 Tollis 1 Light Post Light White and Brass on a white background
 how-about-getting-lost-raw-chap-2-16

* * *

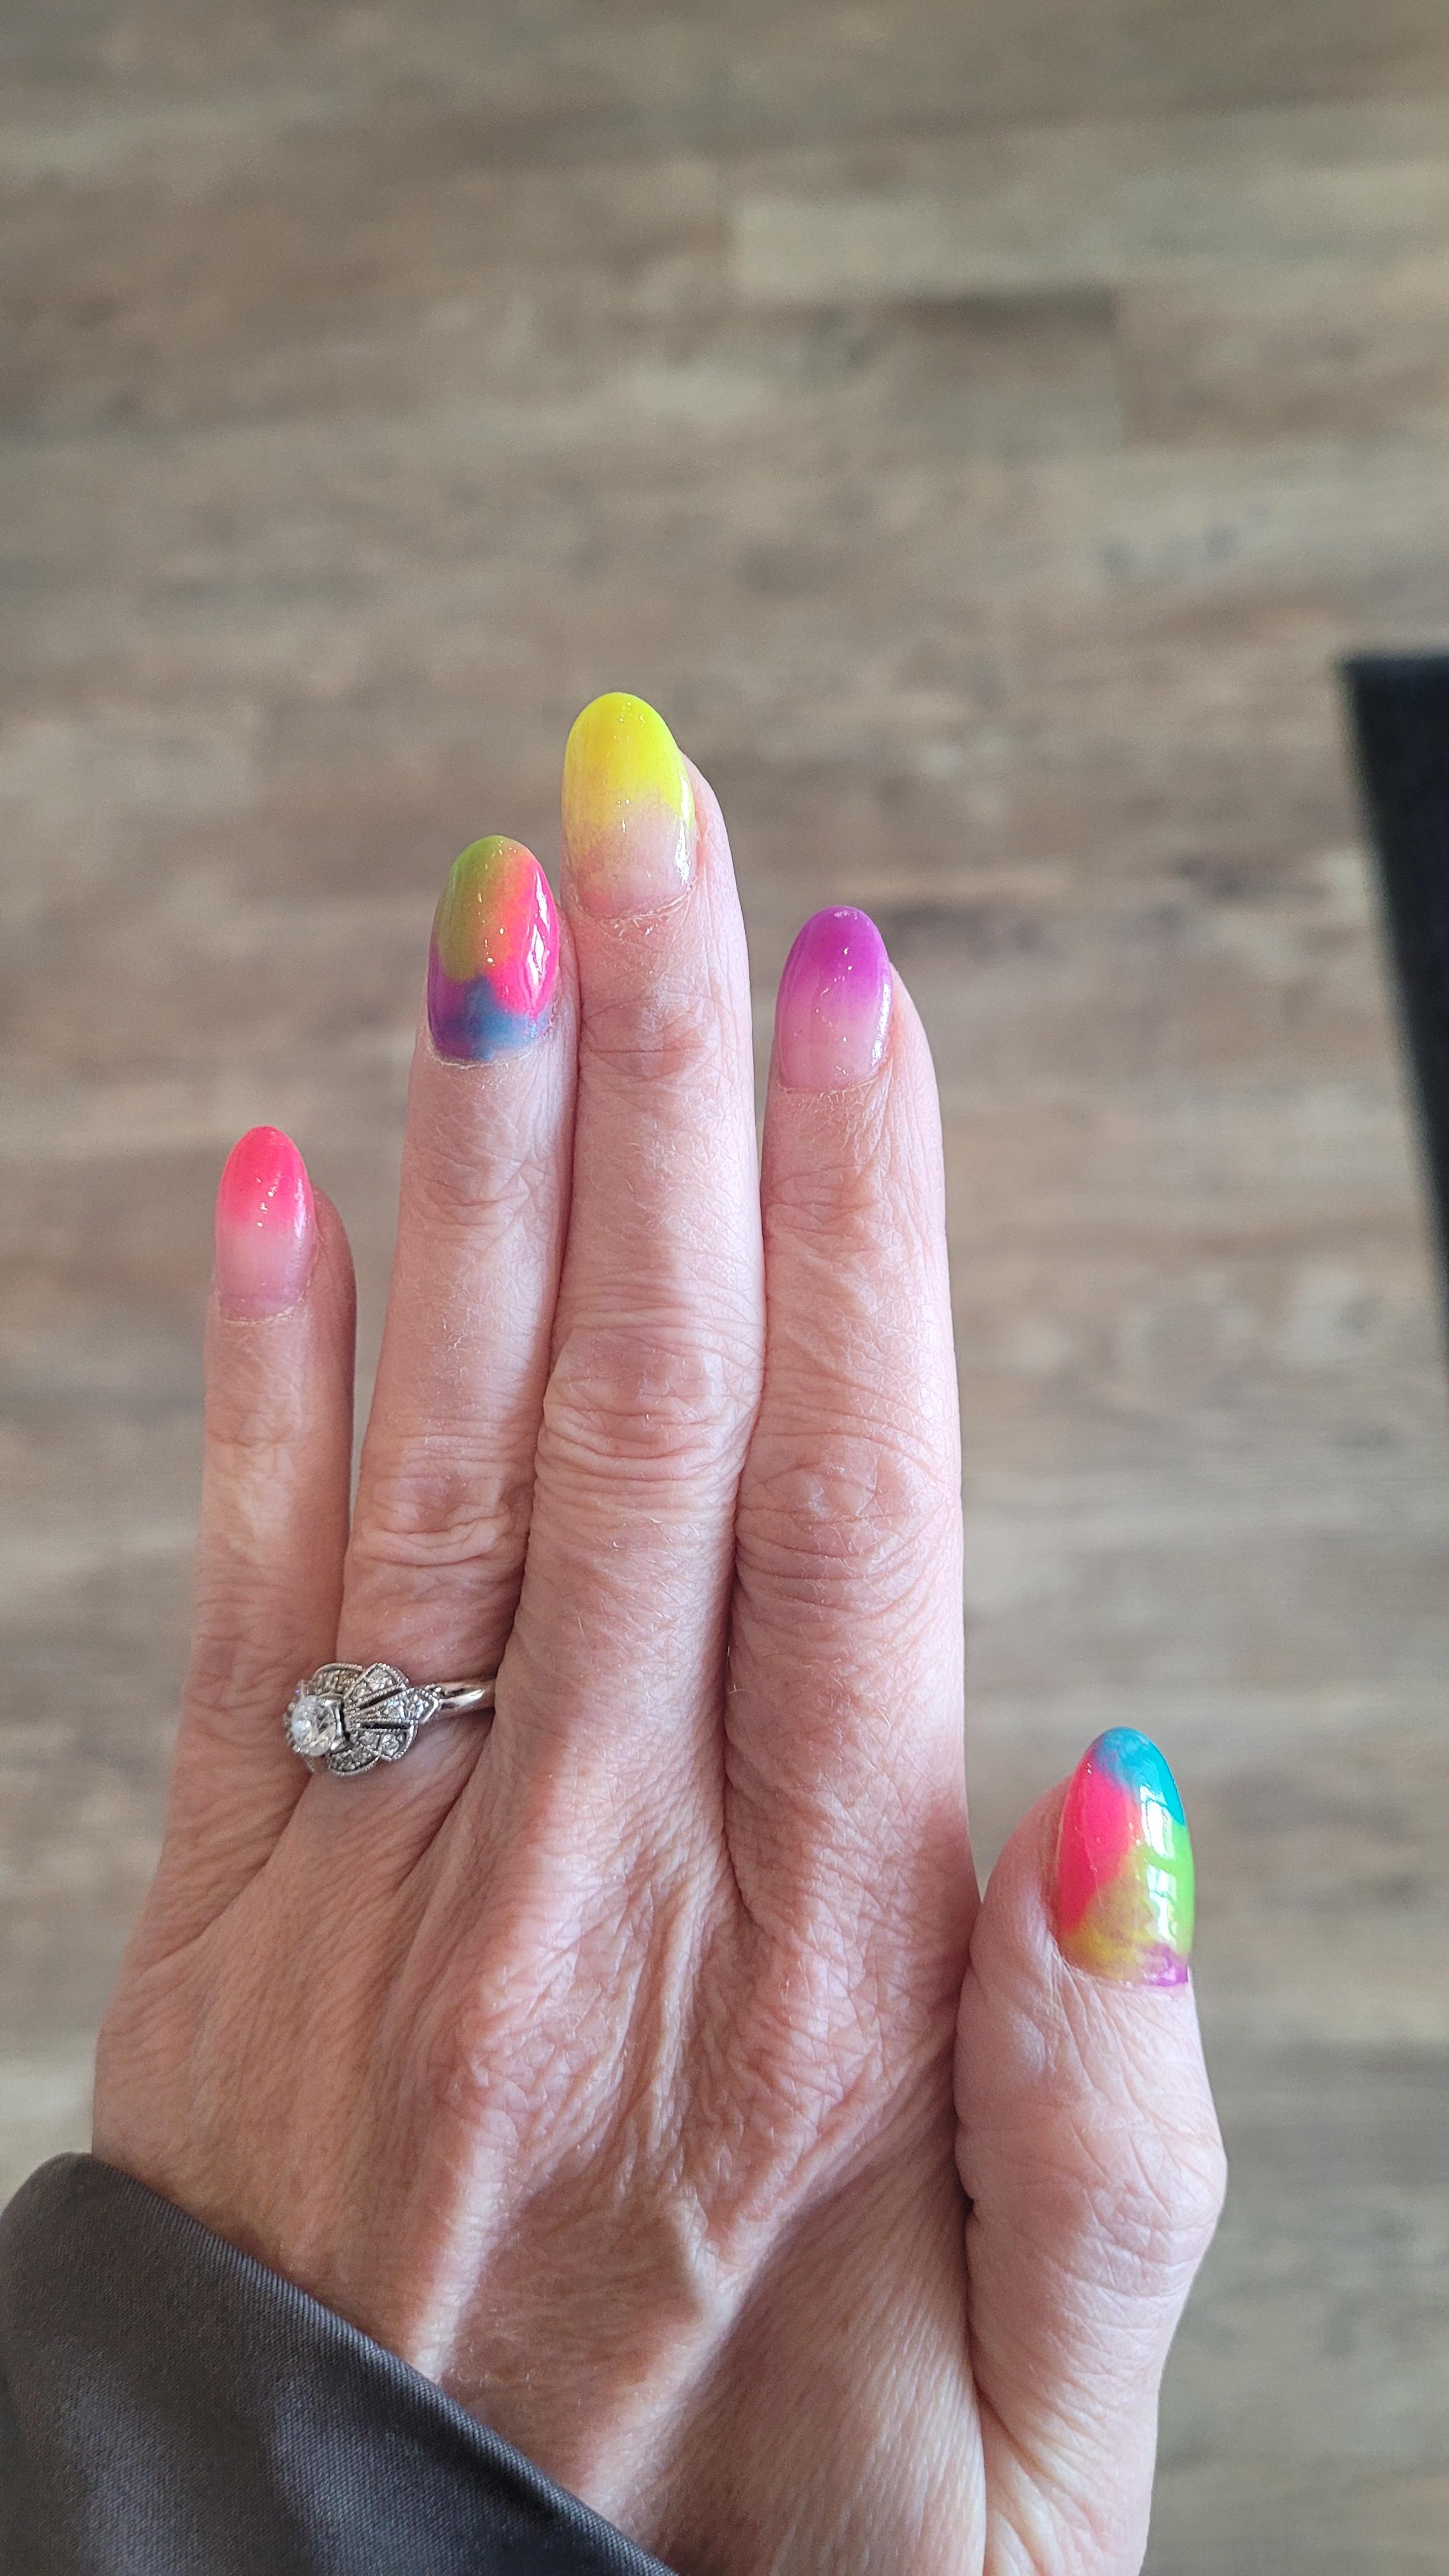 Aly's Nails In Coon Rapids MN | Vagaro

About this task:
In the listing above, find the line containing "Tollis 1 Light" and the line containing "how-about-getting-lost-raw-chap-2-16", then quote both, plus every line between them, exactly as written.

Response for this exercise:
 Tollis 1 Light Post Light White and Brass on a white background
 how-about-getting-lost-raw-chap-2-16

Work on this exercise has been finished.